There are so many men now, with so many guns, lurking in every corner of the borderlands. Governor Abbott, Arizona’s Governor Doug Ducey, and other Republicans tell us they are protecting us from the migrants crossing the border. But it’s the migrants who are dying and border residents in massacres perpetrated by young men with assault rifles, like the one that Treviño Wright discovered yesterday, outside the nature preserve she runs, and where children and tourists regularly visit.
Then there’s SCOTUS, and a woman’s right to an abortion stripped from the Constitution, which will overwhelmingly affect border communities, especially women of color. These days, every day, I walk around a running interior dialogue playing in my head: What can I do? How can I fight back? How can I make a difference?

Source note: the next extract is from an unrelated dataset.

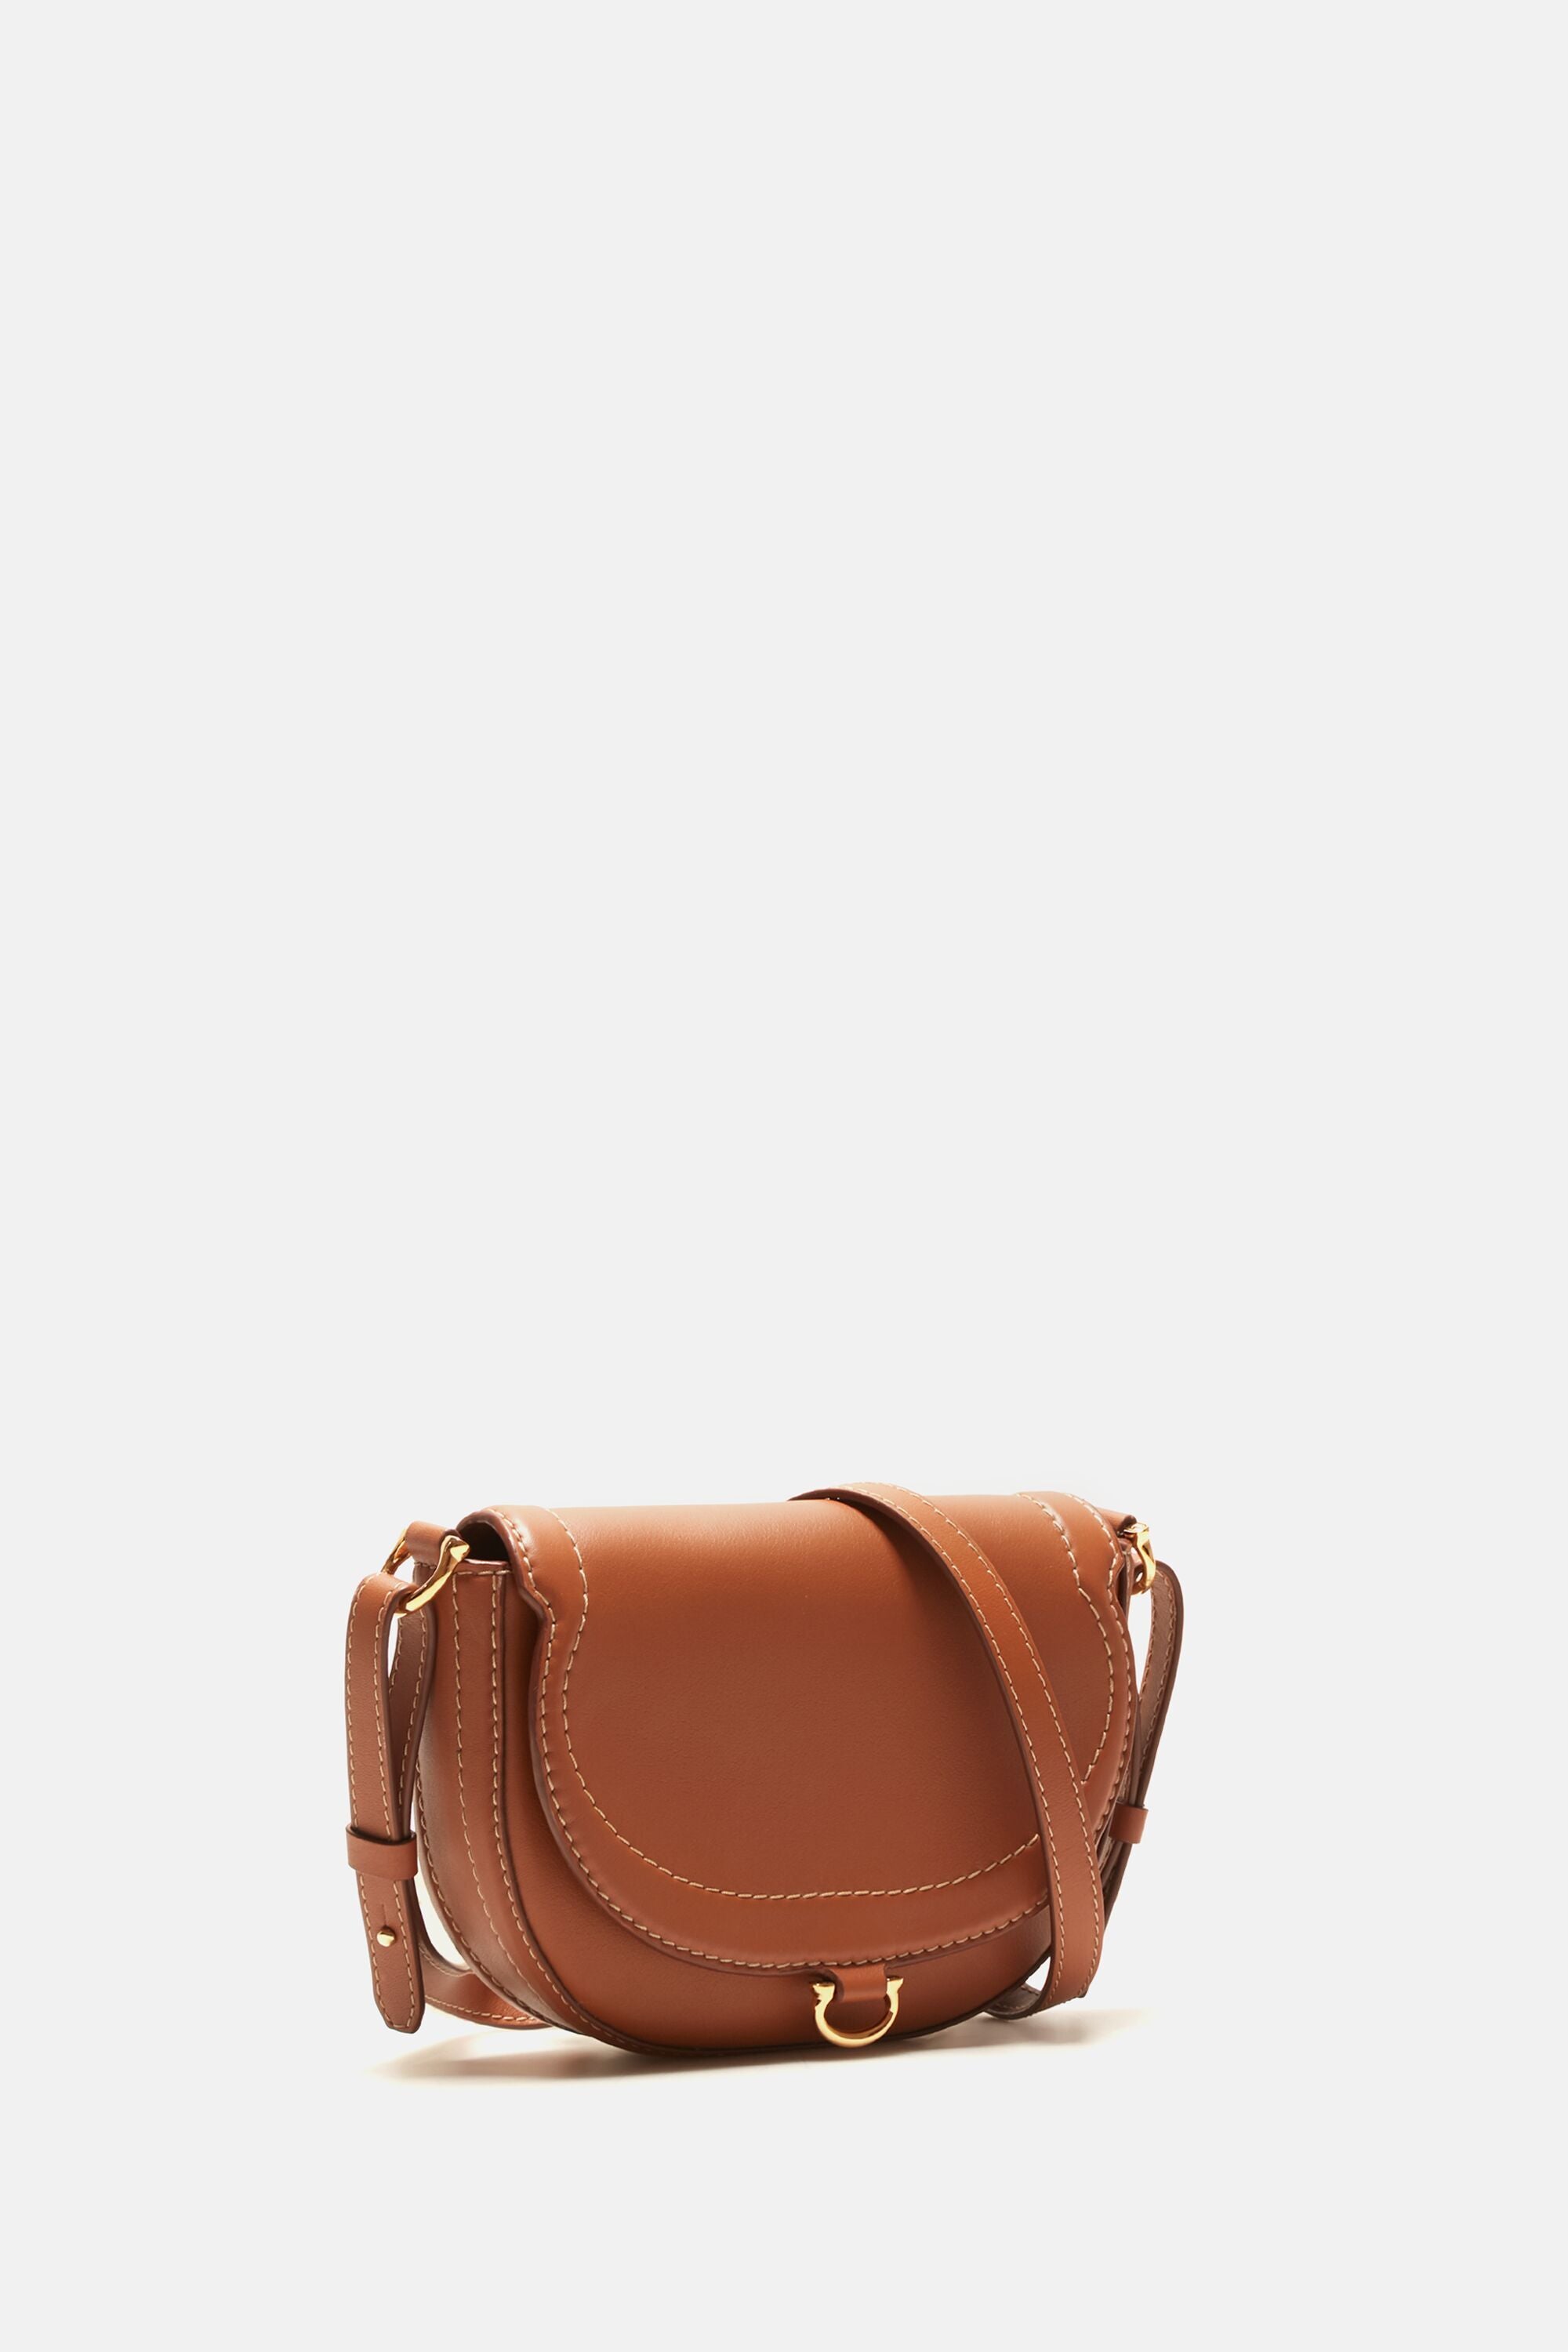 Charro Insignia Basket  Large handbag brown/beige - CH Carolina Herrera  United States

And I think about cross-border solidarity, resilience, perseverance and organizing from the ground up. Because, clearly, no elected official in Washington D.C. is going to help us. And who knows that better than the borderlands? I think about people like Windy Goodloe, who you’ll hear from in this podcast, and the Black Seminoles who have been enslaved, discriminated against, and deceived by both the Mexican and American governments over many hundreds of years. And yet they persist today on both sides of the border. They honor and celebrate their history and culture. And they keep moving forward. And this gives me hope.
America is one long battle for equal rights. It never comes easy, and it never comes quick. And it is ongoing. And so, we keep going.